As a recovering English major, I got terribly excited about this. I went through the whole poem pairing off lines, making one mark to show lines with similar meanings and a different mark to show lines of opposite meaning. Line after line after line . . . until I got to verse 9: “He will guard the feet of his faithful ones, ~ but the wicked shall be cut off in darkness; for not by might does one prevail.”

It’s this last phrase that threw me. “For not by might does one prevail.” There is no parallel line. There is no opposite line. Out of this entire poem, this one line stands alone.

“For not by might does one prevail.”

Sometimes the power of the powerful is found in unexpected ways. (Like in this example about Nelson Mandela.)

“For not by might does one prevail.”

Sometimes, one prevails with instruments of peace and playfulness in the midst of foreign troops and roadside bombs. (Like in this example of the circus parade in Afghanistan.)

“For not by might does one prevail.”

Sometimes, one prevails in ways that seem, at first, to be defeat. (I encourage you to listen to this father’s story–starting at 13:10; or read the transcript–last section of Act 1. )
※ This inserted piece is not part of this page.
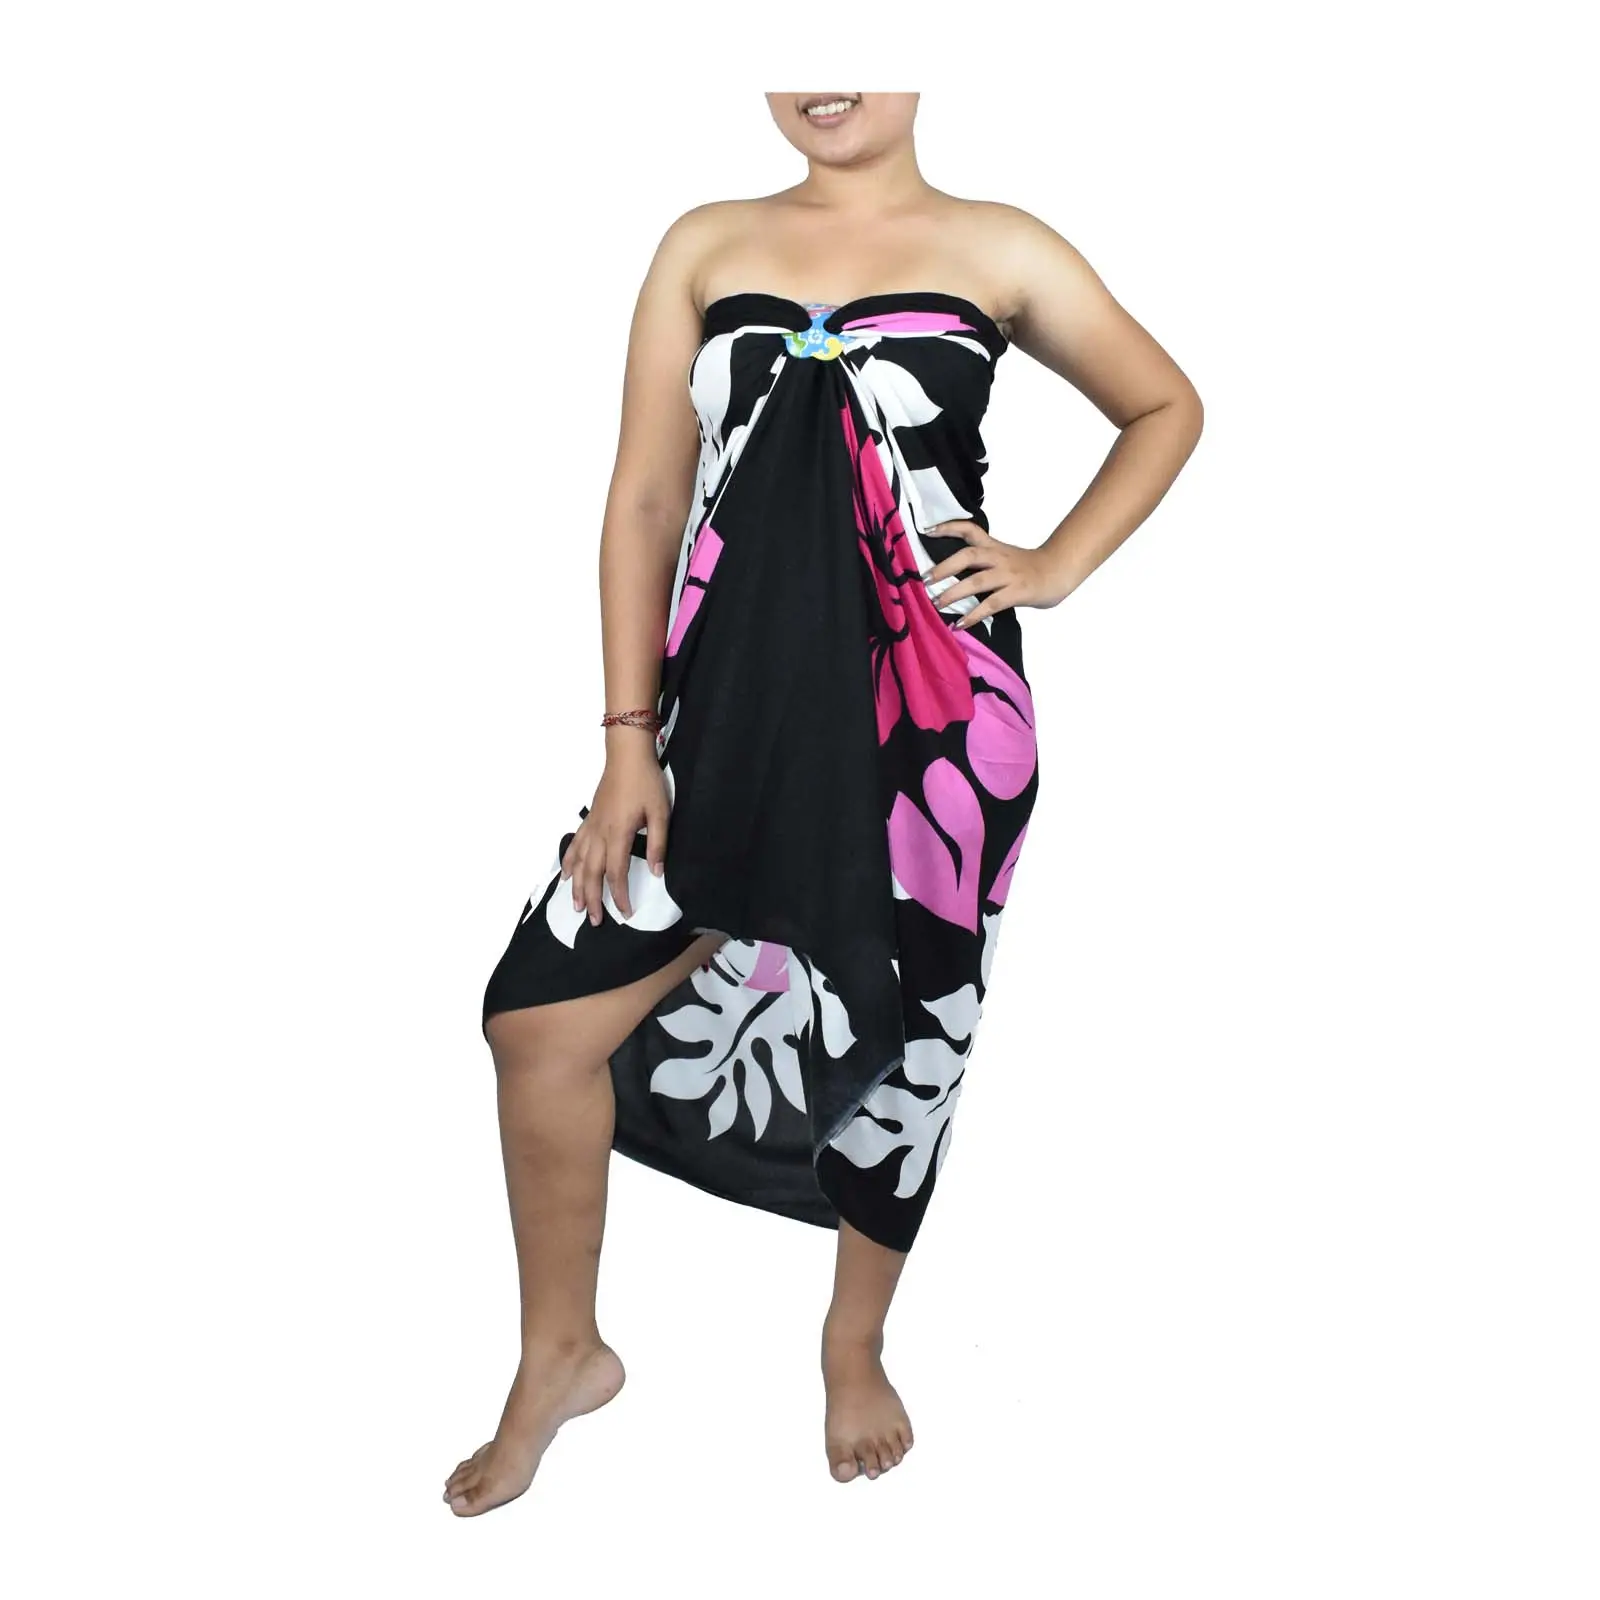 Vestido de praia de rayon, atacado, roupa de banho feminina, sarongue, com estampa de flores, hibiscus
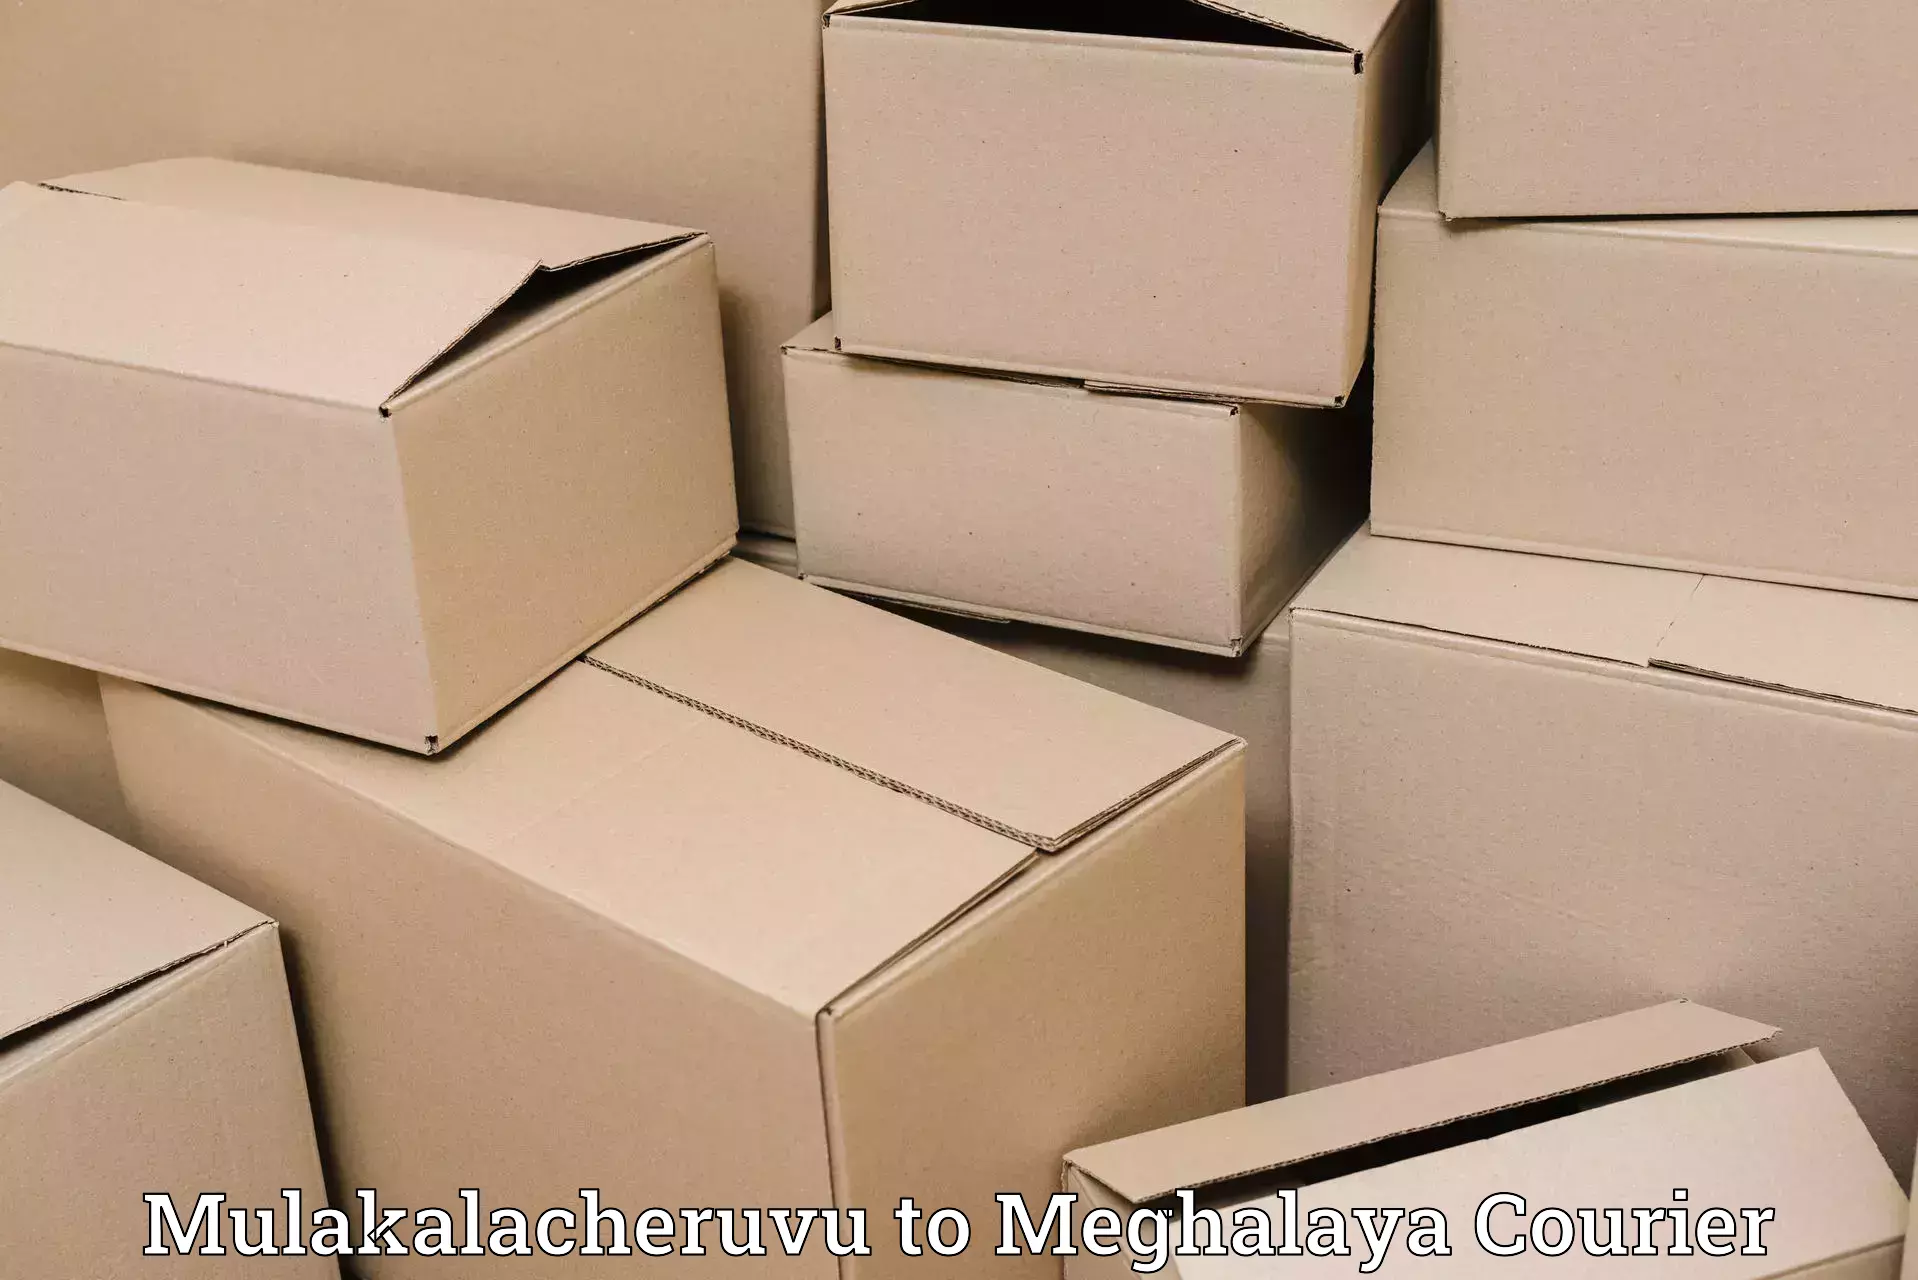 Express delivery capabilities Mulakalacheruvu to Jowai

“For not by might does one prevail.”

Hannah sang it in the temple. Mary sang it in the home of Elizabeth. God sang it in that Bethlehem stable, amidst the blood and sweat and joy of birth. Jesus sang it from the cross.

“Not by might does one prevail.”

As people of the resurrection, it is the song we sing. It is the promise to which we cling: “Not by might does one prevail.”

Thanks be to God.

[This post is adapted from the sermon I preached on December 8, 2013.]